La casa constaba de tres habitaciones, una amplia sala, un largo comedor, una
pequeña biblioteca, una cocina bien surtida de utensilios y especias, un patio con
una fuente y un baúl lleno de juguetes. Sillones blancos y azules, lámparas de
cristal, alfombras con dibujos, mesas de maderas finas, hamacas, roperos con
ropa de todos los tamaños, un horno de piedra… En fin: todo lo necesario para
que la familia Feliz viviera el resto de su vida haciéndole honor a su apellido.
La alegría de todos era inmensa. Los padres agradecieron una y otra vez al señor
Águila el regalo que les había hecho y se despidieron de él entre risas y lágrimas
que se les escapaban sin querer. Las cámaras de los fotógrafos no dejaron en
ningún momento de enfocar sus rostros conmovidos.

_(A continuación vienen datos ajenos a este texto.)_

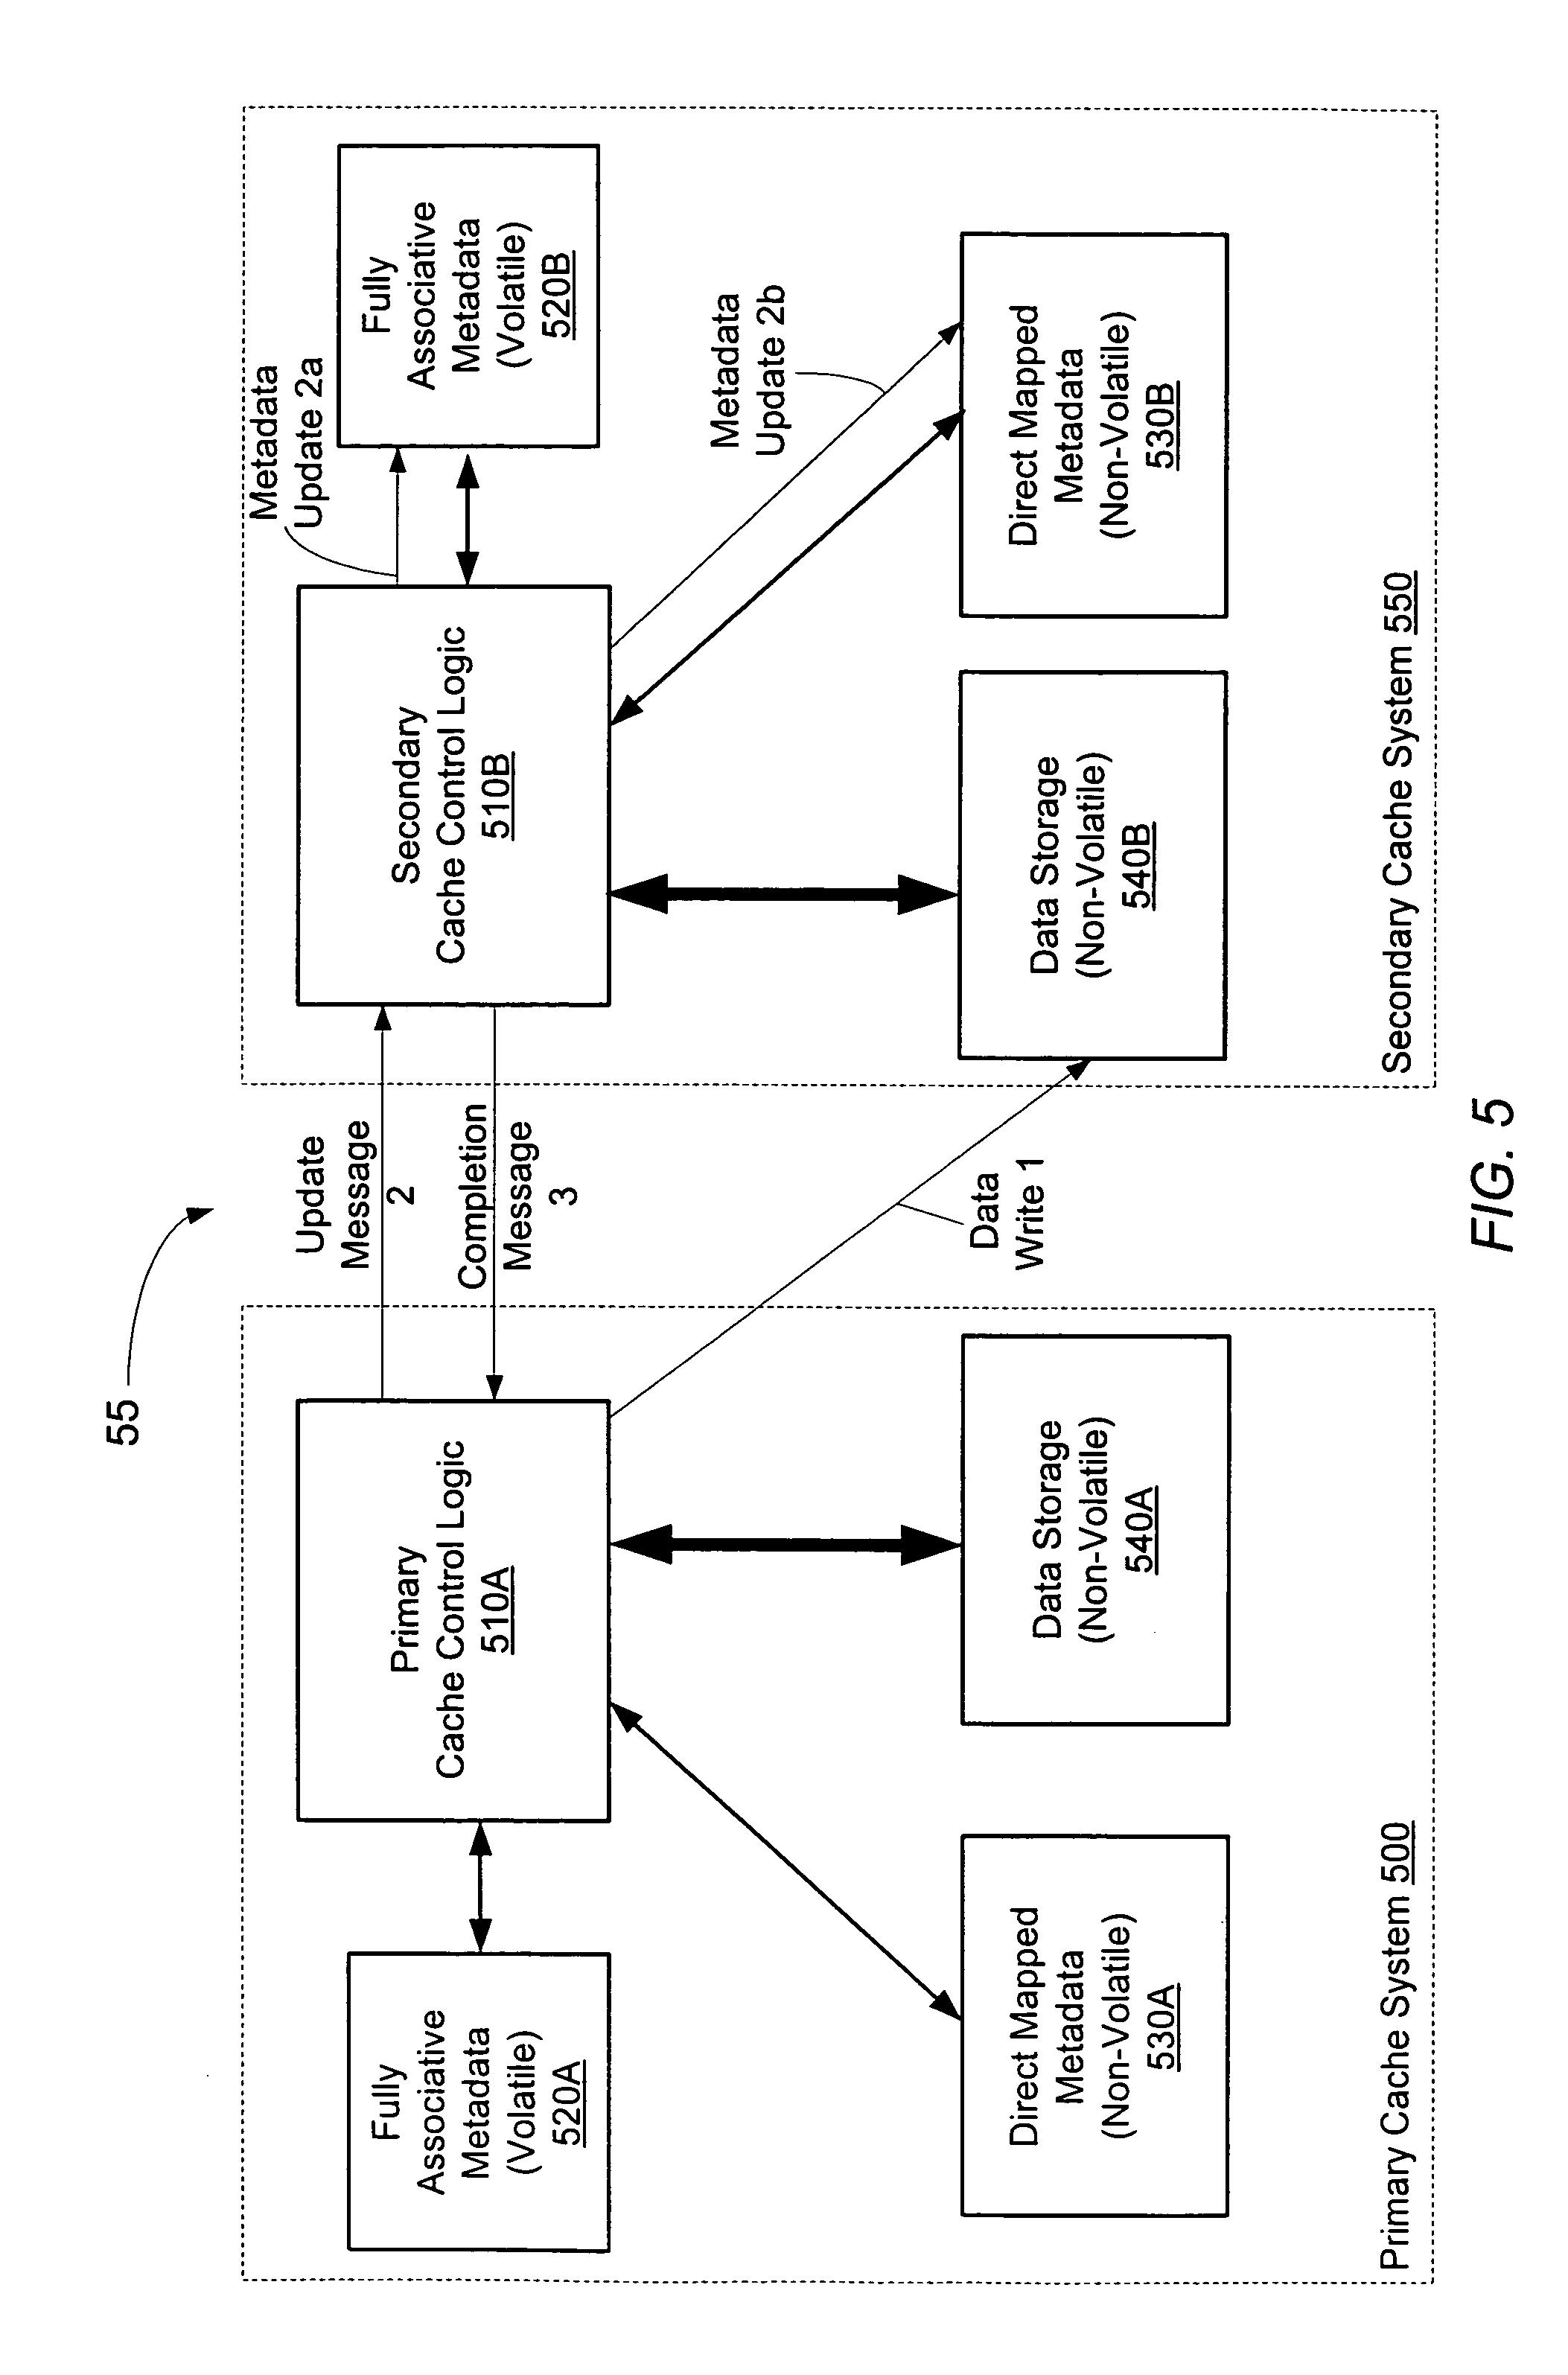 patent us7130957
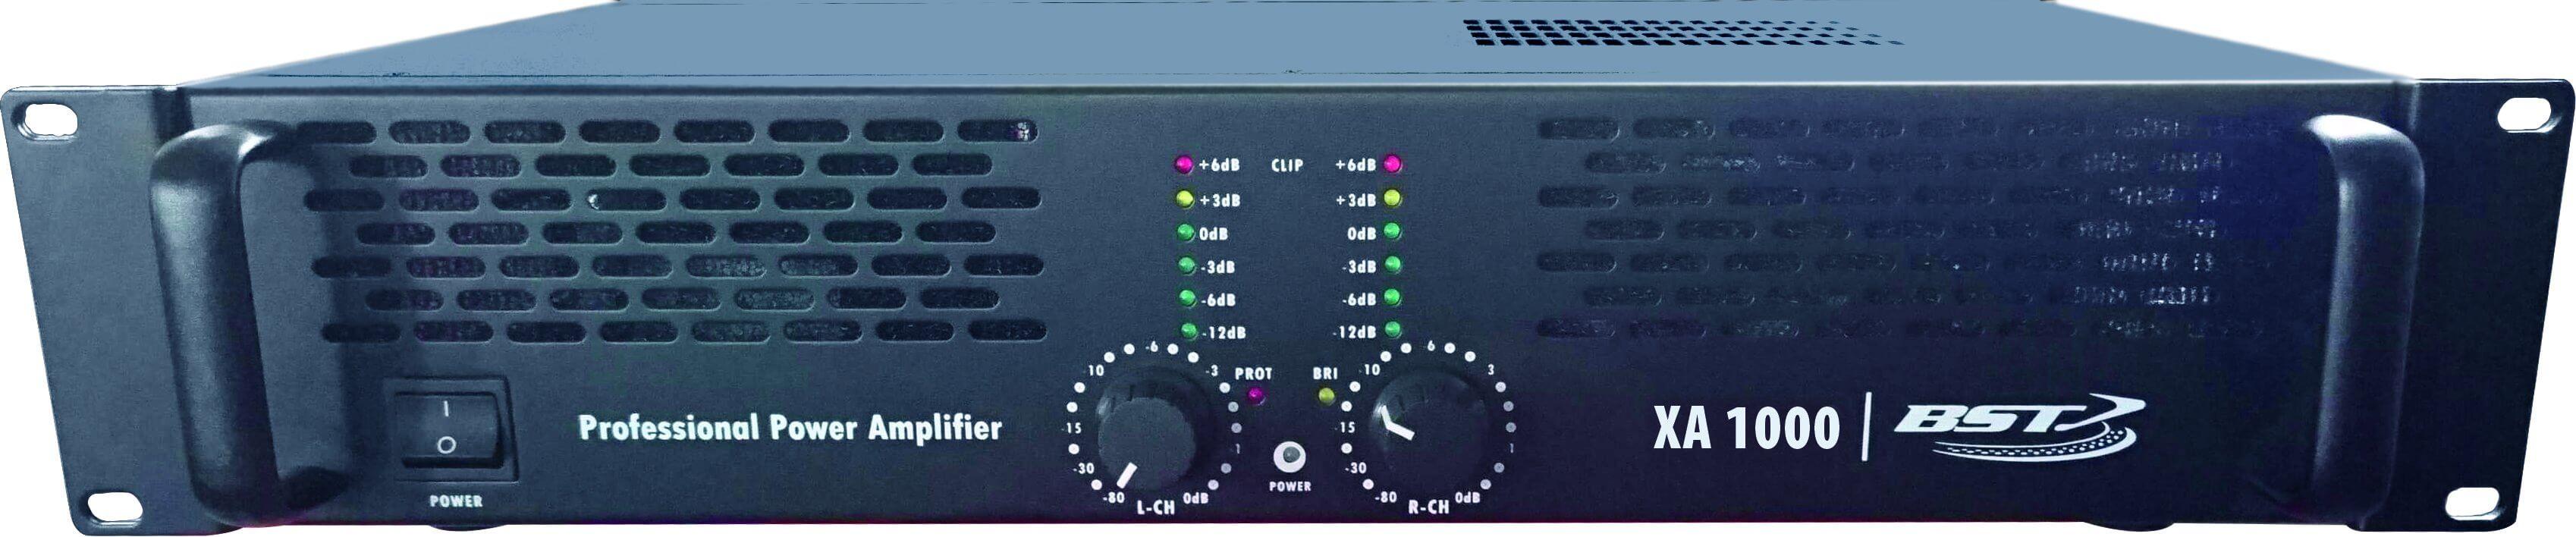 BST XA1000 1000W Power Amplifier

—Y recuerden —les dijo Juan Domingo antes de despedirse—: cada año, el 31
de diciembre, están invitados a comer conmigo. Todos mis ahijados y sus padres
van en esa fecha al banquete que doy en mi casa. No se les olvide, es muy
importante que asistan.
Y en efecto, ninguna de las afortunadas familias dejaba de asistir. Los banquetes
eran en grande. Además de los platillos especiales que cada año preparaban los
cocineros de Juan Domingo, había frutas exóticas que traía de distintas partes del
mundo, bebidas que él mismo inventaba y nuevos regalos para cada quien. Un
grupo de música amenizaba la reunión y al final se rompían varias de sus piñatas
reutilizables, de las que caían más dulces y juguetes. Cuando llegaba a faltar
alguno de los invitados, cosa que no era muy frecuente, Juan Domingo se
molestaba mucho.
Abrazó con gusto a los padres de Lunes y se despidió de ellos entre grandes y
generosas carcajadas, que siguieron resonando en la isla por varios días.